I turned again to my injured brother. “Mind you, Bob, this pup of mine is only sixteen, and he'll be little help protecting you from Redcoat soldiers if you happen to run into any, but I think you should be safe on that account. I wish I could send the surgeon along with you, but there's only the one, and there are too many other wounded among the ranks to spare him.”

Bob nodded. “He said himself that there's nothing more he can do. If he tried to take the pellet out, I might die from that. I'll take my chances on the trail. But I'd be glad of James's company. He can round up food for us, and make a campfire, and that's as much as I reckon I'll need. Once we get past Quaker Meadows, it'll be three or four days at most to make it home. We'll make better time without an army and a herd of cattle to slow us down.” He looked over at the boys, sitting together on the slope under a stunted tree. “Do you think you can manage that, James?”

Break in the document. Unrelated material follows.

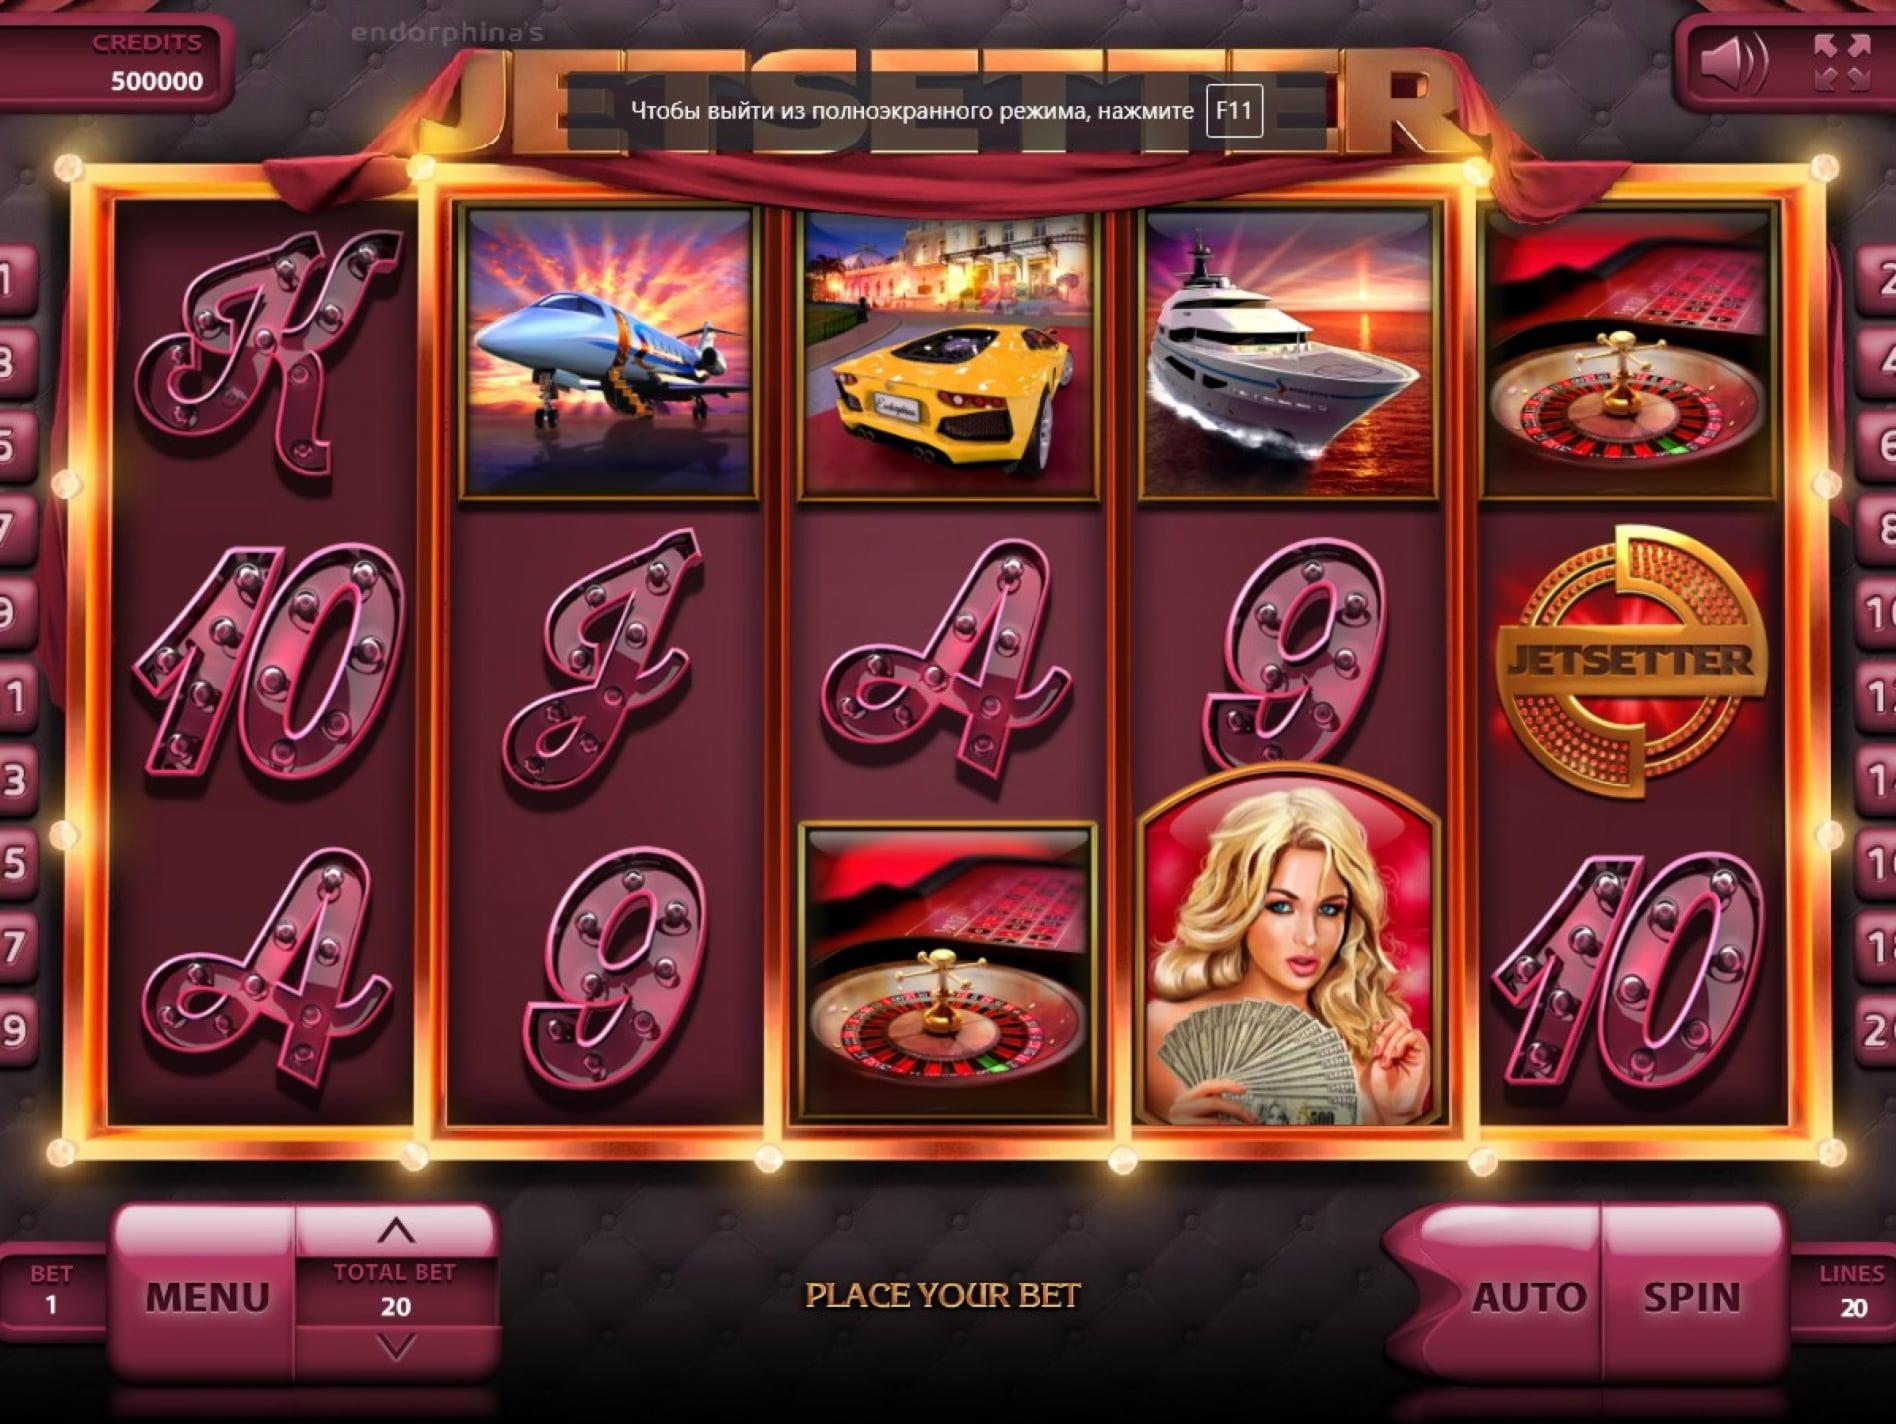 Red Пинг урала боюнча EUR 390 акысыз чип казино
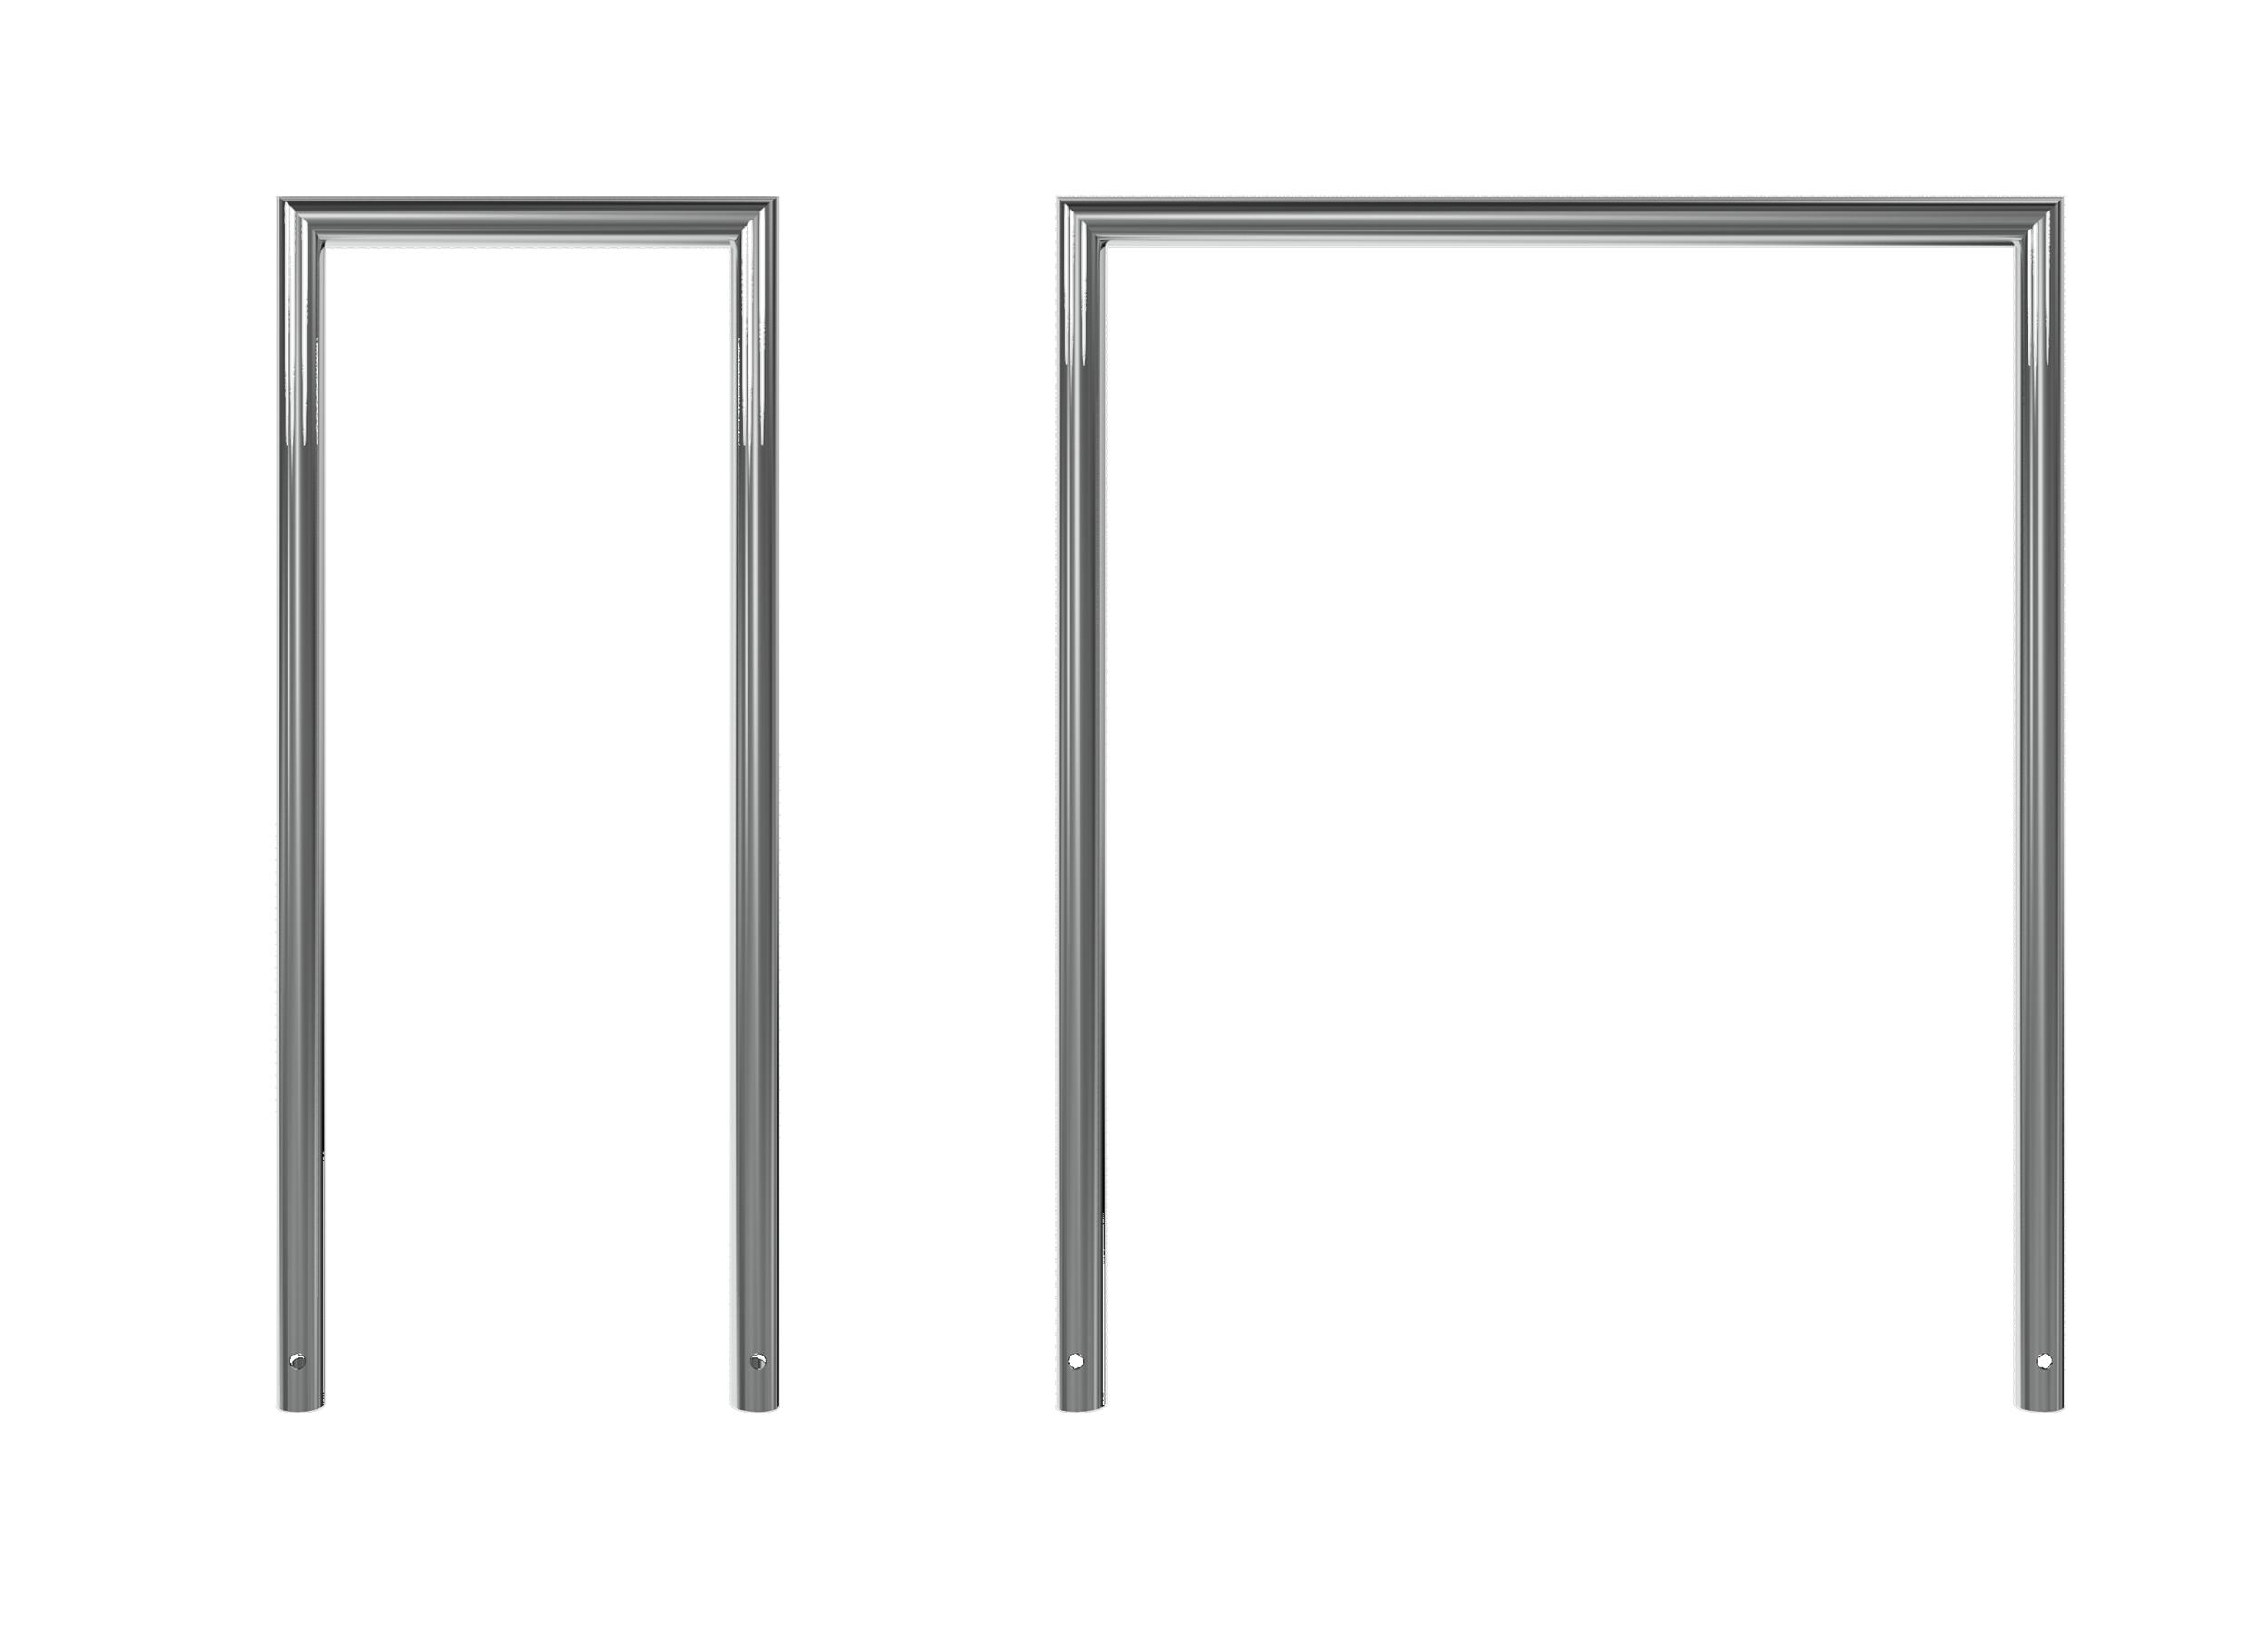 Schake Rohrbügel Edelstahl Ø 48 mm - auf Gehrung geschweißt

The boy nodded, trying to temper his excitement with concern. He was being given a man's share of responsibility, and he relished it, even though it came under circumstances he would never have wished for.

Valentine spoke up. “One of Hambright's men told me that there's a Whig farm not too far from here. A fellow by the name of Finley. He told me where it was. Make for there, Bob, and don't try to go any farther today.”

“That's fine, then,” said Bob. “We'll find the Finley place. So, we'll be off directly, boys. And we will meet up again over the mountain when you finally make it back.”

I swallowed my doubts. “Sure we will,” I told my brother, clasping his hand. “Have a safe journey and take it slowly. We'll get home just as soon as we can. Once we leave here, we'll be moving slow enough, with eight hundred prisoners to slow us down, so you should be well ahead of us before long. There should be no need for you to hurry. Any pursuers Cornwallis sends will be coming after us.”

Valentine touched my shoulder. “They'll be needing you up the hill, Jack, so you go ahead and see to the preparations for the general decamping, and Joseph and I will get James and Robert ready to go.”

I said my farewells and hurried up the ridge to where Major Tipton was waiting. I did not look back because I didn't want to make too much of this parting.
If I look back
, I thought
, I may never see Robert again.

*   *   *

The one diversion we permitted ourselves that morning as a reward for the victory was to cast lots among the commanders for the spoils of war. We did this as we ate our portion of the breakfast rations. Ben Cleveland had already received Ferguson's fine white horse, to replace his own mount, which was killed in the battle. William Lenoir got the major's sword with its silver handle, a beautiful weapon. Joseph McDowell got Ferguson's china plates and an eggshell-thin coffee cup and saucer; we reckoned such fine goods were more suited to the splendor of Quaker Meadows than to our frontier cabins in the backcountry. Ferguson's little silver whistle went to Isaac Shelby, and the major's papers and his correspondence were given to William Campbell, who was more of a scholar than the rest of us. Ferguson's silken sash and the sword of Captain DePeyster went to me.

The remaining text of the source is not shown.